Kate Sheppard writes about some CEPR research arguing for the environmental sustainability benefits of reducing aggregate hours worked. The logic here is pretty simple. If Americans only worked, on average, as many hours per year as Germans work, then American economic output would be lower, and while producing fewer goods and services, we’d also be producing fewer greenhouse gas emissions and other pollutants.
But I think the best way to read this logic is probably the other way around. A really serious agenda to curb pollution would reduce economic output below its counterfactual level, but a fair amount of that would come in the form of increased leisure rather than actual immiseration.
Imagine a stiff carbon tax where instead of using the revenue to offset existing taxes, it’s simply returned to the public as lump sum checks akin to the “cap and dividend” approach that’s being championed by Theda Skocpol lately.

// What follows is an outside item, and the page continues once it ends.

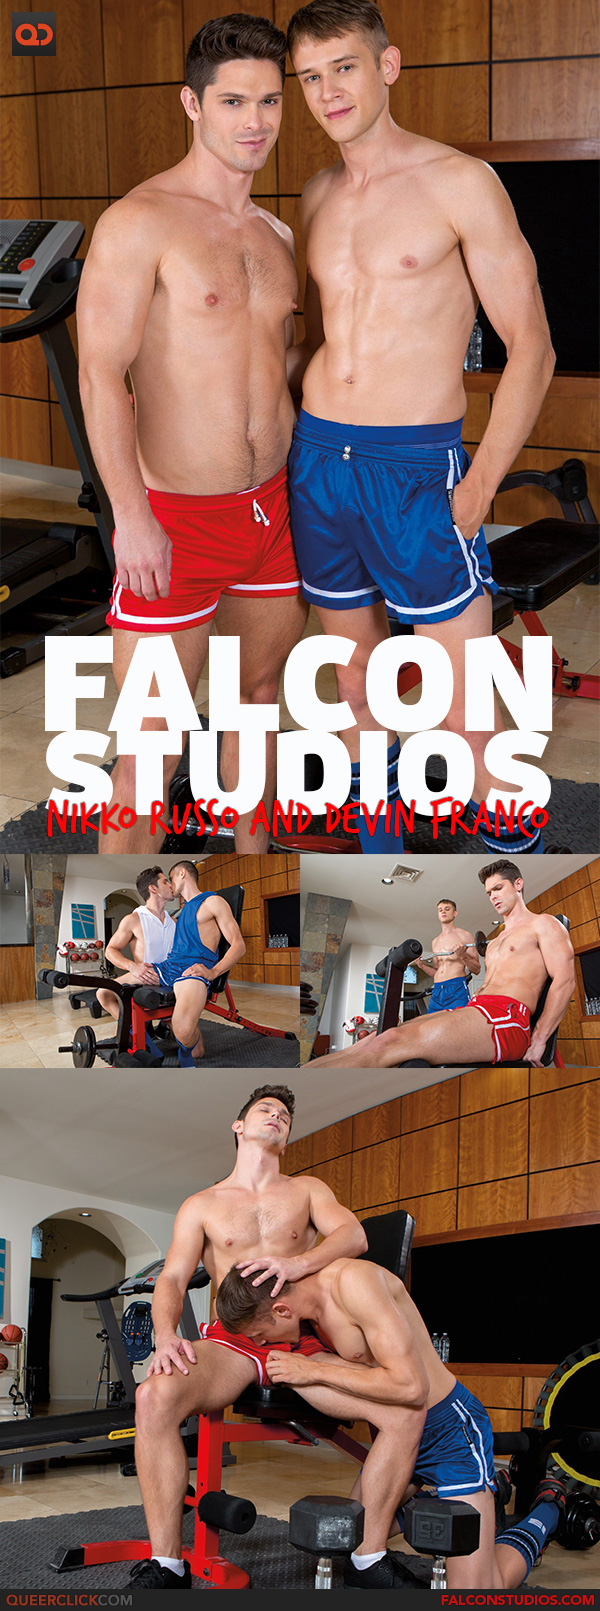 Falcon Studios/Hot House: Nikko Russo and Devin Franco
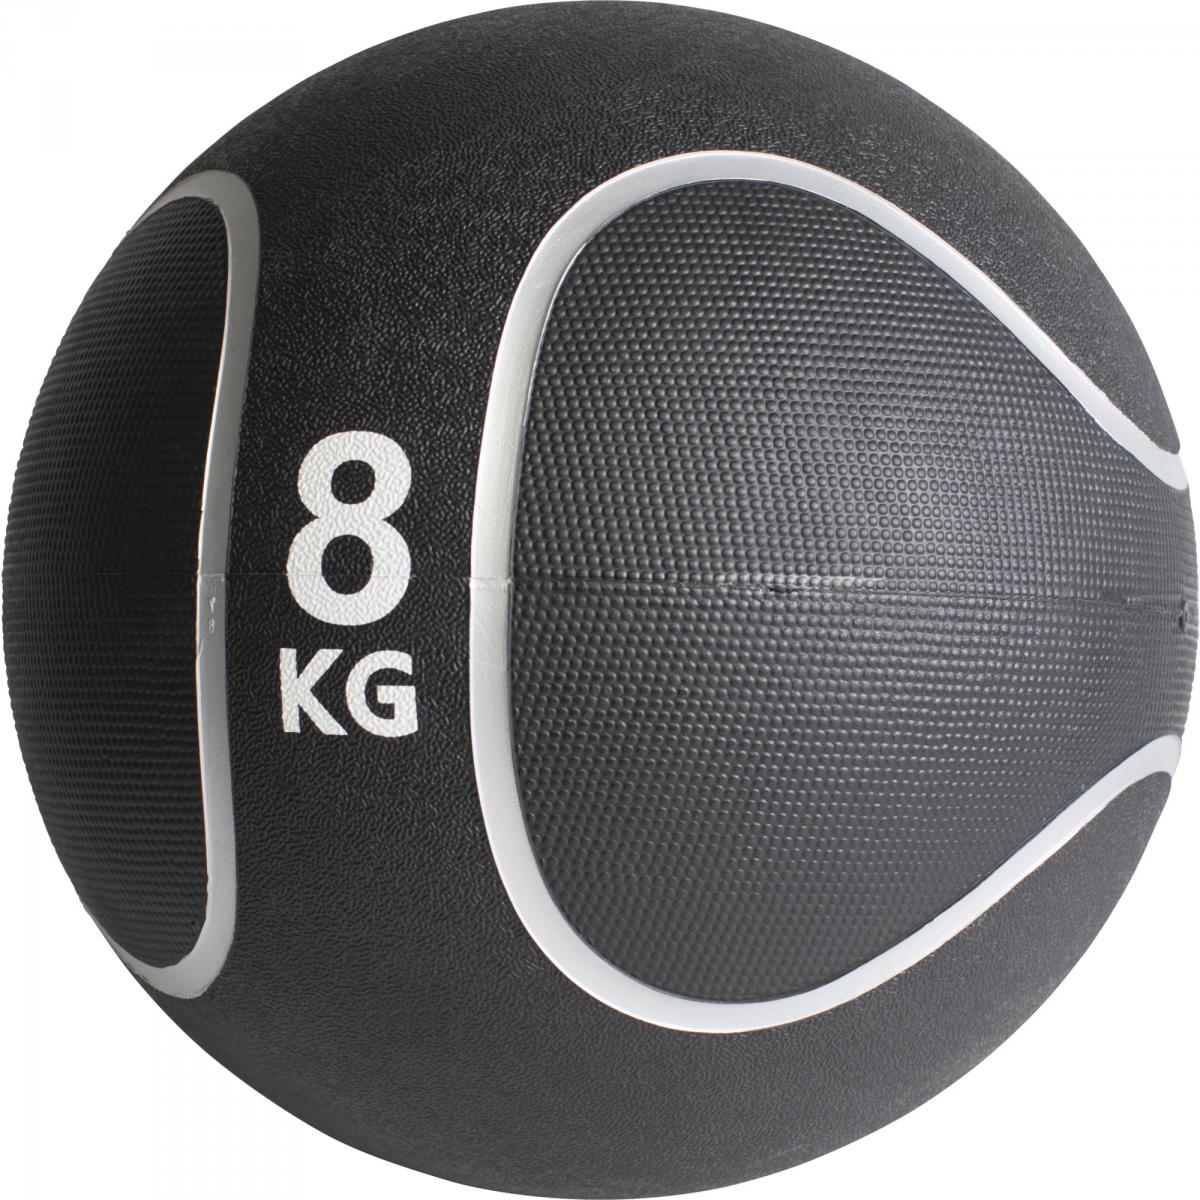 Médecine ball style noir/gris de 8 KG diamètre 28,6cm

What’s going to happen here is that on the one hand people will reduce their consumption of pollution-intensive goods and services. But on the other hand, folks are going to work less hard since in effect we’ve created a small guaranteed basic income system. People with prestigious, high-status jobs they love will just pocket the cash to offset the higher taxes they’re paying, but people with unattractive job opportunities will take advantage of higher incomes to work less and enjoy more leisure.
Consequently, the GDP impact of cap-and-dividend is going to look much worse than the GDP impact of a program where the revenue is used to finance an offsetting payroll tax cut. But that’s not exactly because cap-and-dividend is wreaking havoc with the core drivers of prosperity. Rather, America would become a bit more like a northern European country. Our output-per-hour-worked would rise, (because low productivity workers would disproportionately shed hours) and on average people would have somewhat fewer material goods (most visible in Europeans’ small houses and cars) and more leisure time.